→ Dataset section:
•••••

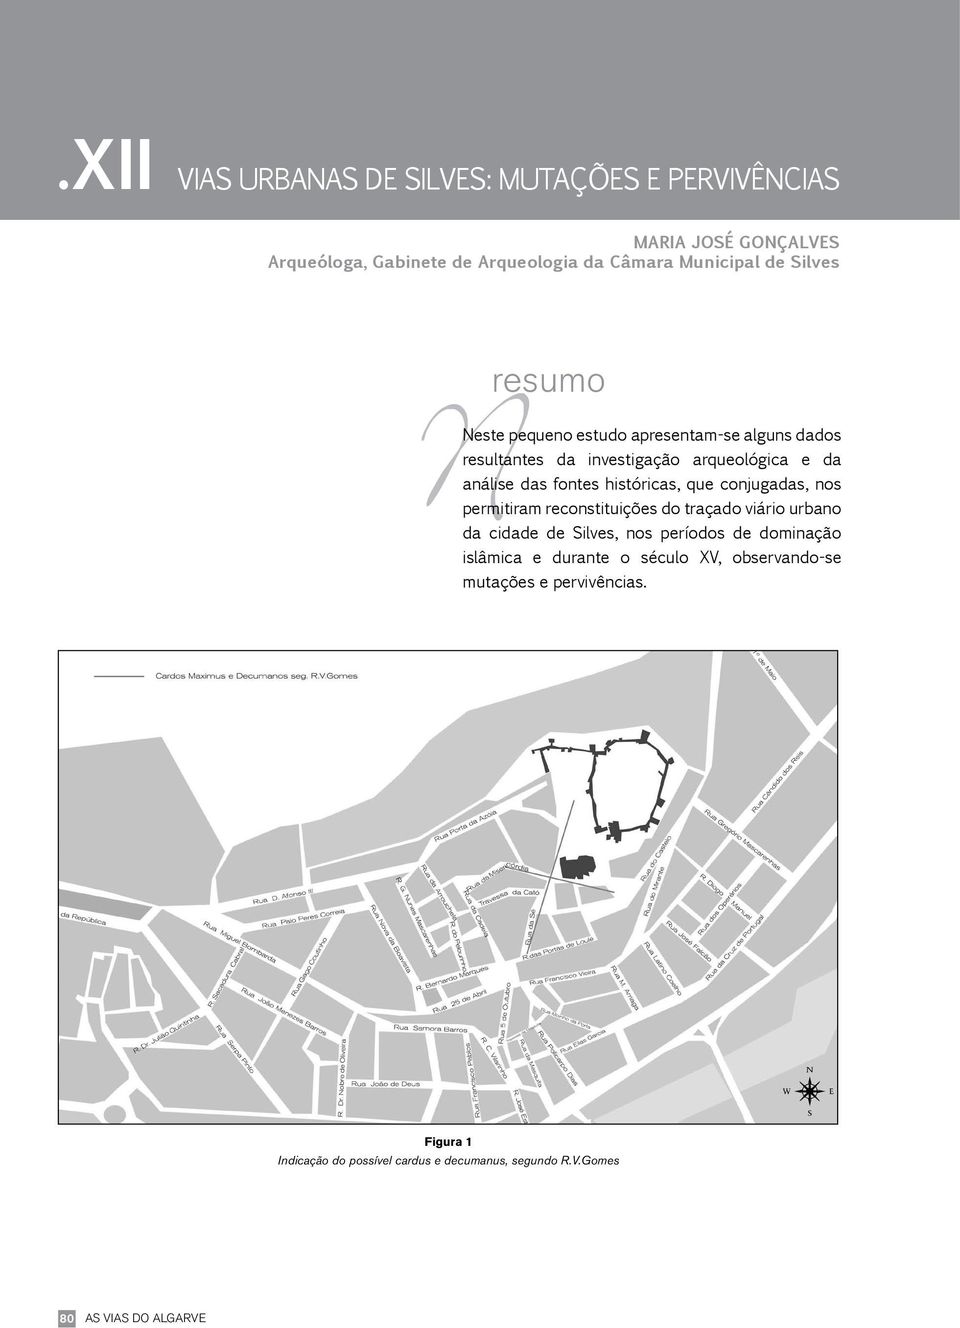 históricas, que conjugadas, nos permitiram reconstituições do traçado viário urbano da cidade de Silves, nos períodos de dominação
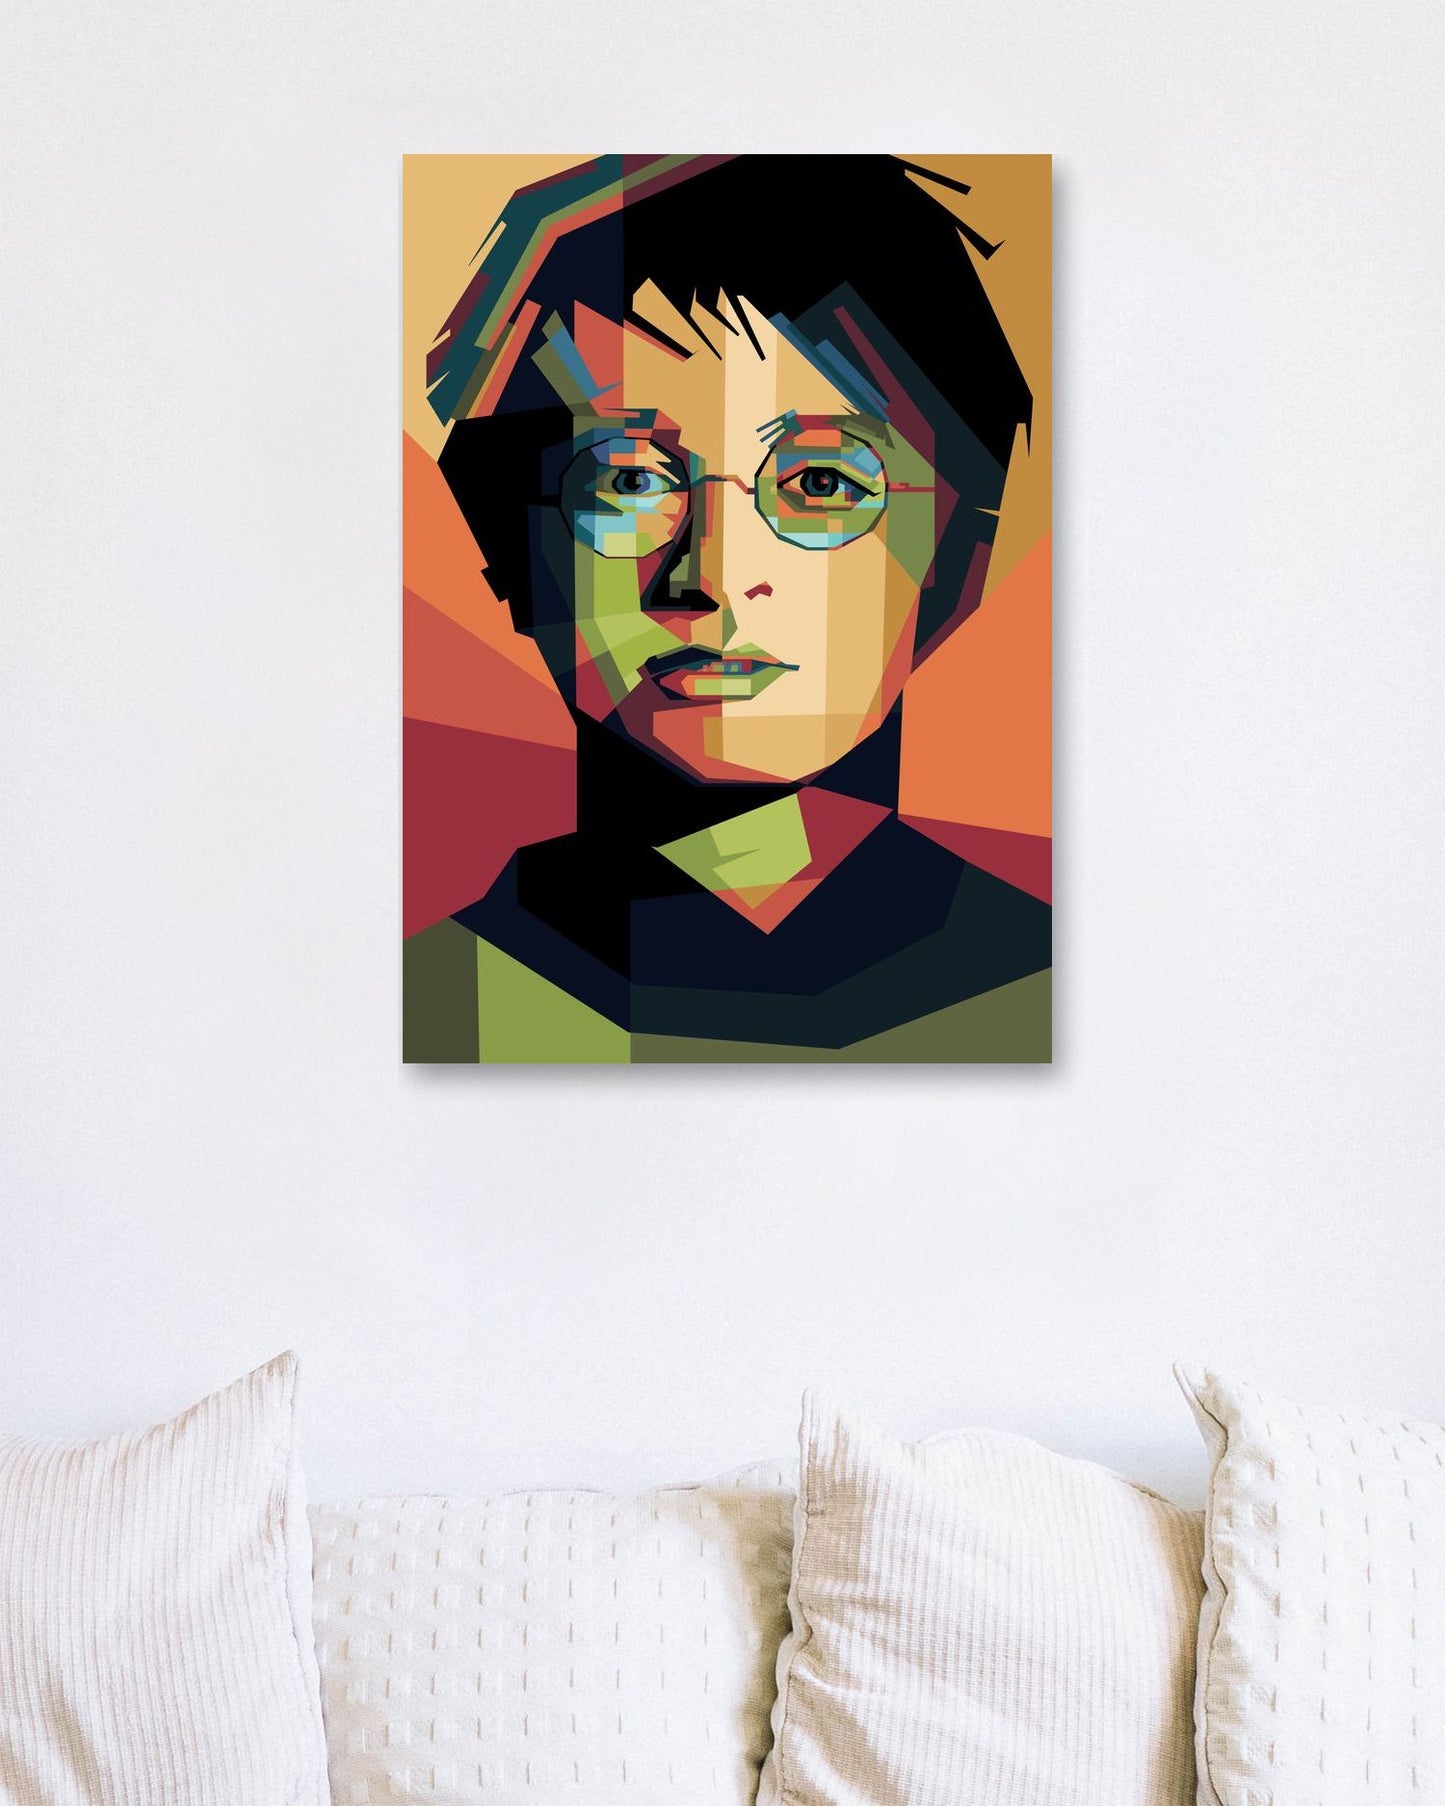 Harry Potter pop art - @ADart
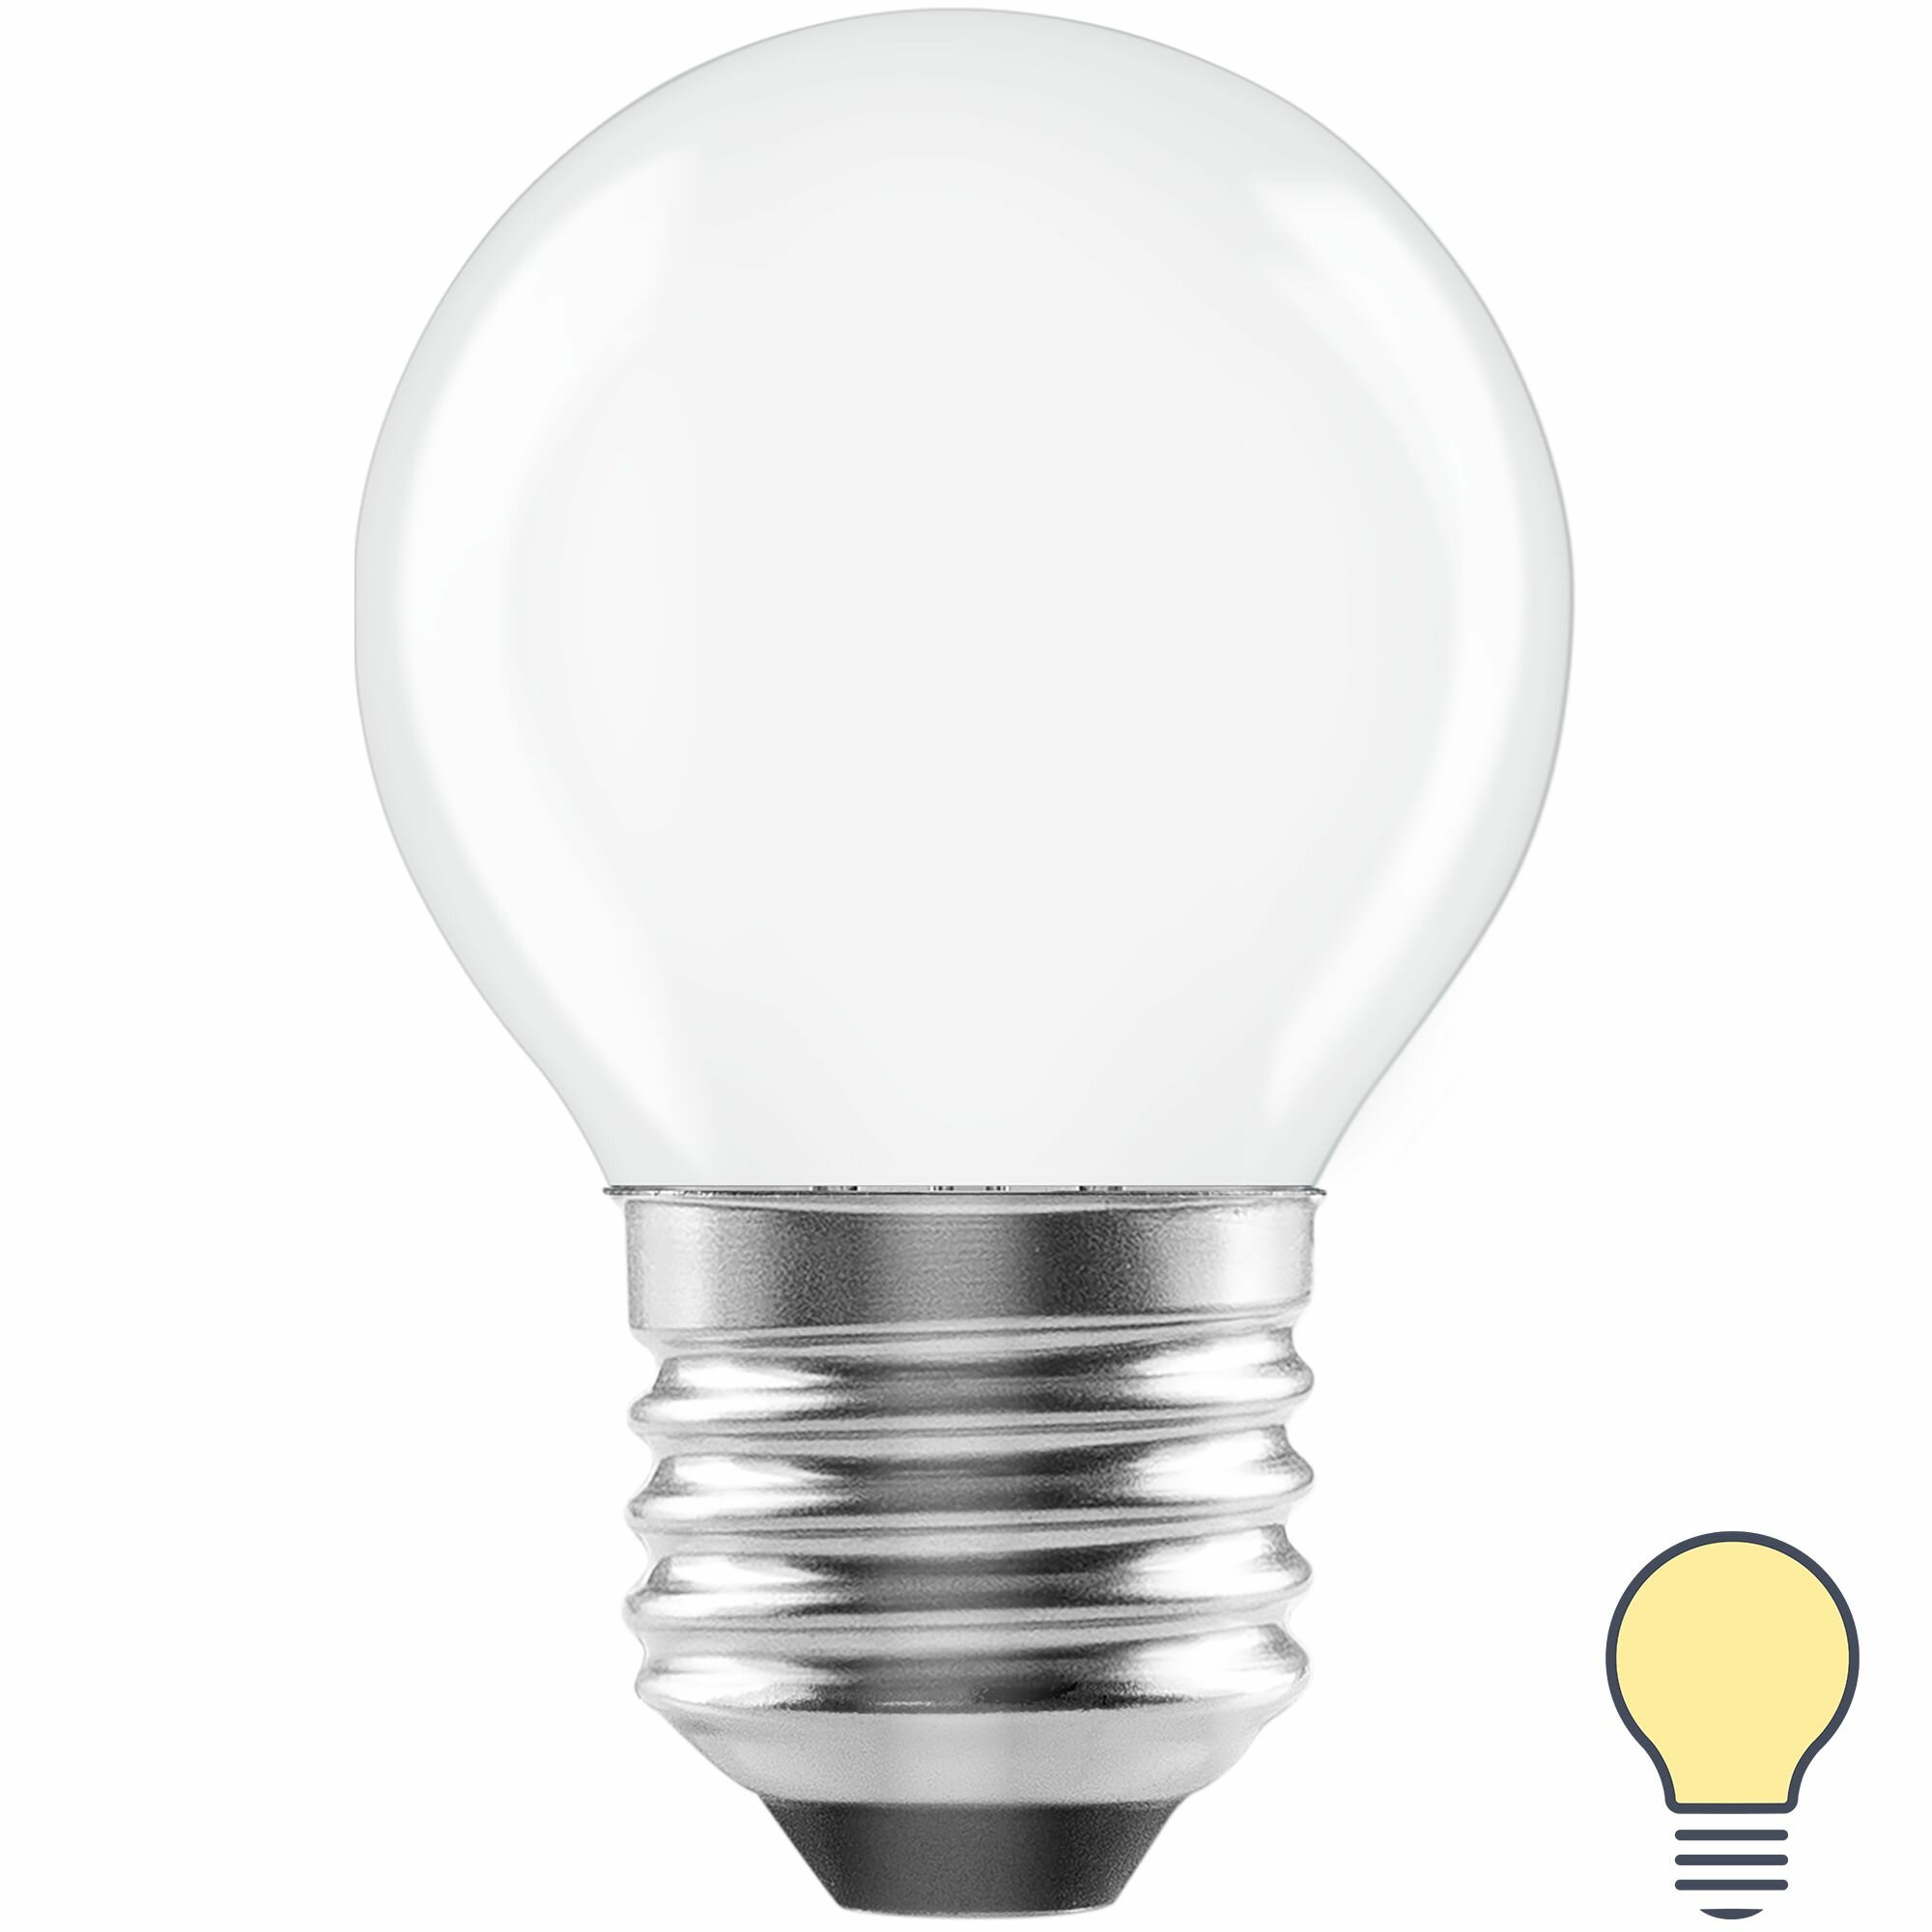 Лампа светодиодная Lexman E27 220-240 В 5 Вт шар матовая 600 лм теплый белый свет

•••••

→ Description of the task: Write out the data word for word, with every picture dropped.

→ Exercise answer:
 históricas, que conjugadas, nos permitiram reconstituições do traçado viário urbano da cidade de Silves, nos períodos de dominação
 Harry Potter pop art - @ADart
 Лампа светодиодная Lexman E27 220-240 В 5 Вт шар матовая 600 лм теплый белый свет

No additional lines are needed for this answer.